I couldn't completely graps the idea behind @Divakar's answer but it's about the mutation rate really. If the mutation rate were 50% that answer would be 100x faster than mine. Both have their strengths and weaknesses.
There's also random.sample which can work directly with an xrange (in Python 2.x).
0

Based on the trick used in this solution, here's an approach that uses argsort/argpartition on an array of random elements to simulate numpy.random.choice without replacement to give us randbps as a 2D array -

np.random.rand(iterations,Chr_size).argpartition(num_mut)[:,:num_mut]

Runtime test -

In [2]: def original_app(iterations,Chr_size,num_mut):
   ...:     randbps=[]
   ...:     for k in range(iterations):
   ...:         listed=np.random.choice(range(Chr_size),num_mut,replace=False)
   ...:         randbps.append(listed)
   ...:     return randbps
   ...: 

In [3]: # Input params (scaled down version of params listed in question)
   ...: iterations=100
   ...: Chr_size=100000
   ...: num=50
   ...: 

In [4]: %timeit original_app(iterations,Chr_size,num)
1 loops, best of 3: 1.53 s per loop

In [5]: %timeit np.random.rand(iterations,Chr_size).argpartition(num)[:,:num]
1 loops, best of 3: 424 ms per loop

4 Comments

this code works great in my script.

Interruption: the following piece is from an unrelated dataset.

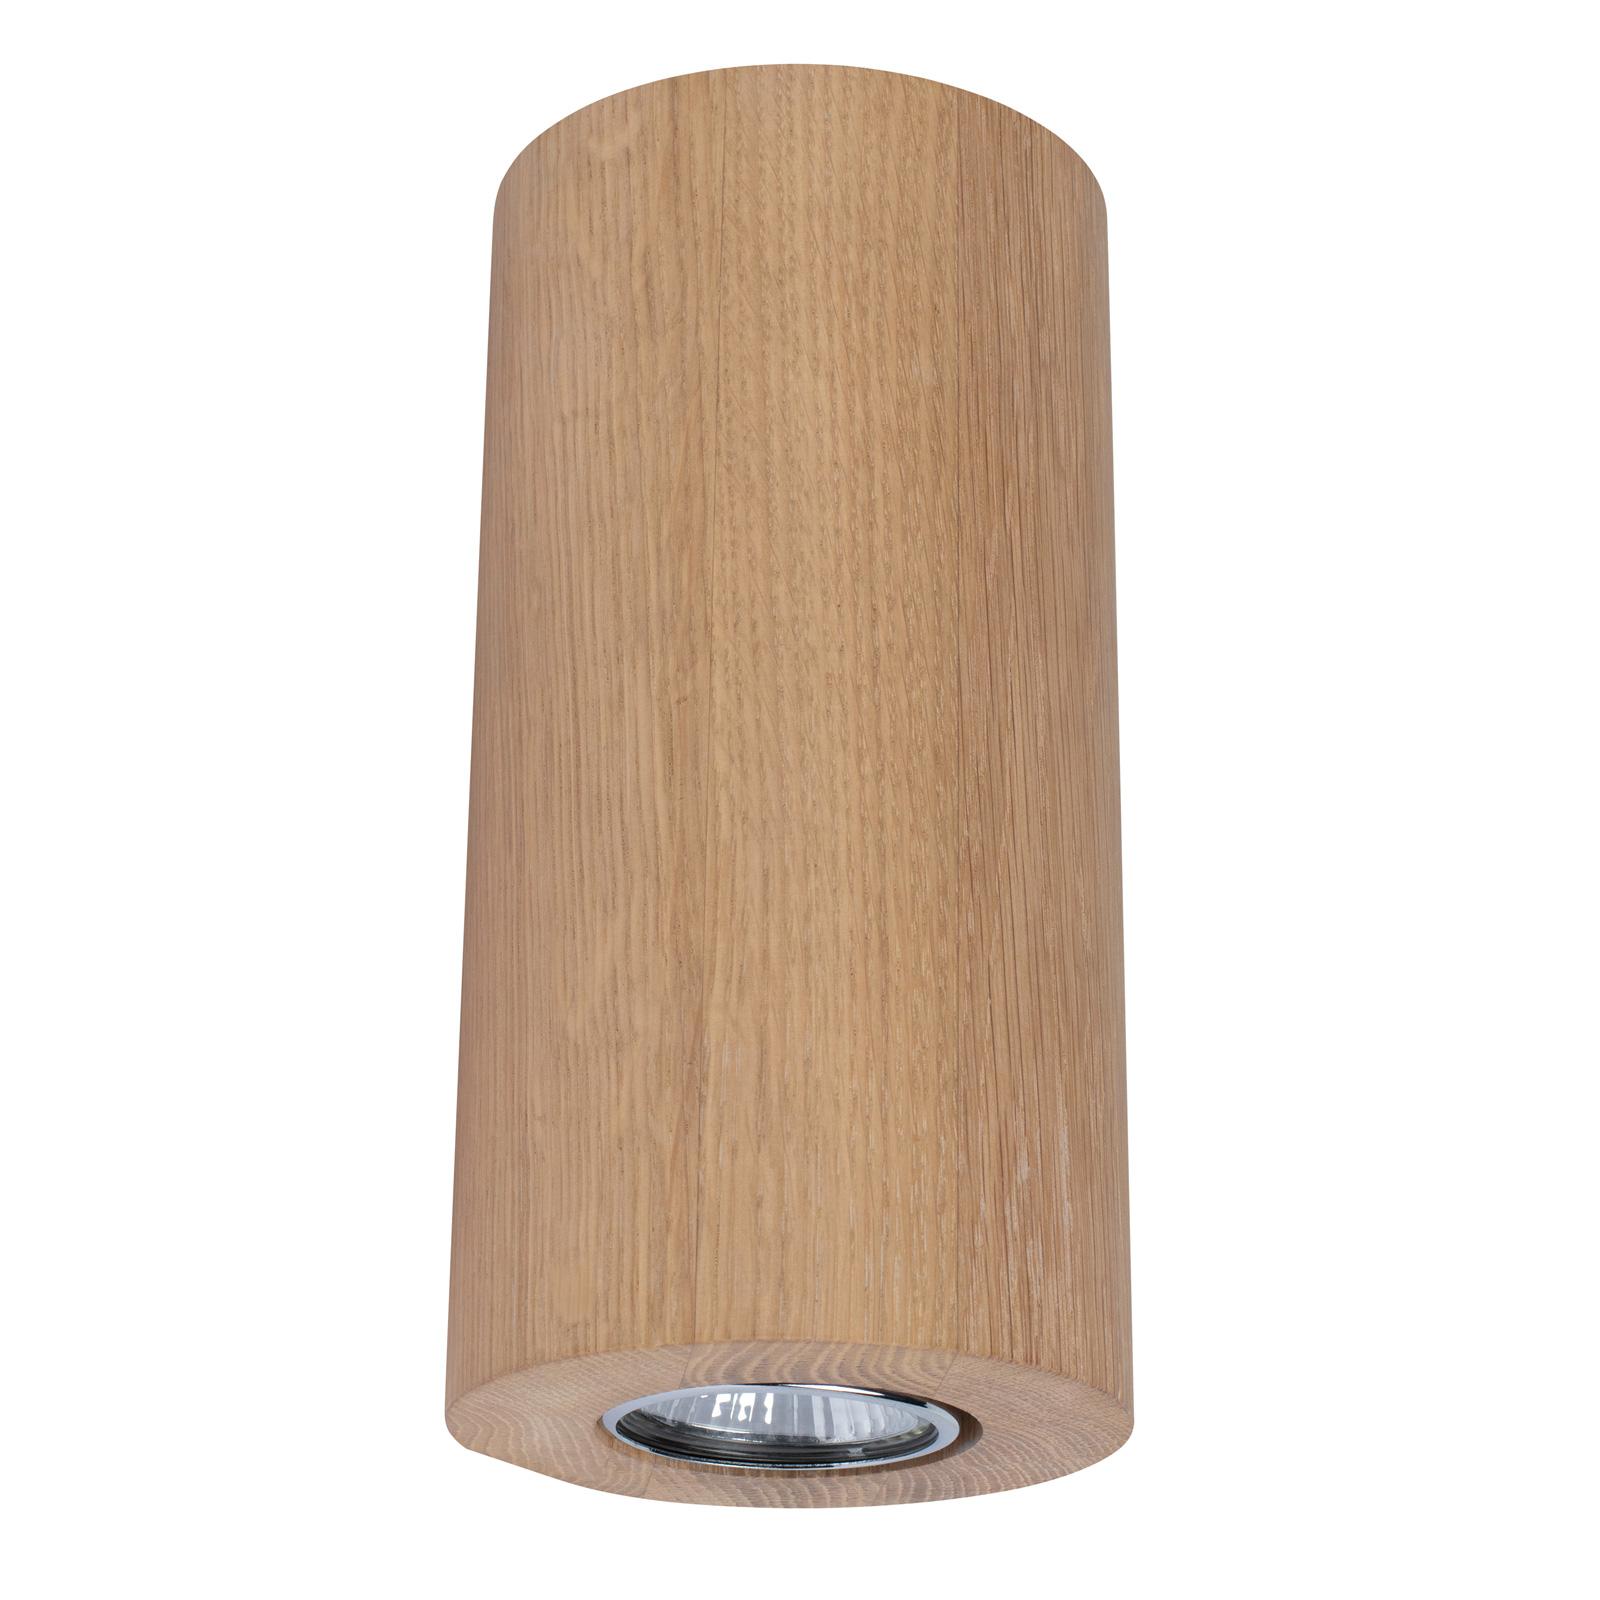 Wandlamp Wooddream 1-lamp eiken, rond, 20cm

Thanks for the great tip.
when i up the number of iterations in my script to 1000 my computer crashes hard. I think it may be because the entire array is kept in memory. ~46Gb of memory requirements doesn't fit in my 16Gb laptop.
@LukeAnderson-Trocme Yeah, really huge arrays would be a problem I think.
yes, that makes sense. Thanks for the answer though!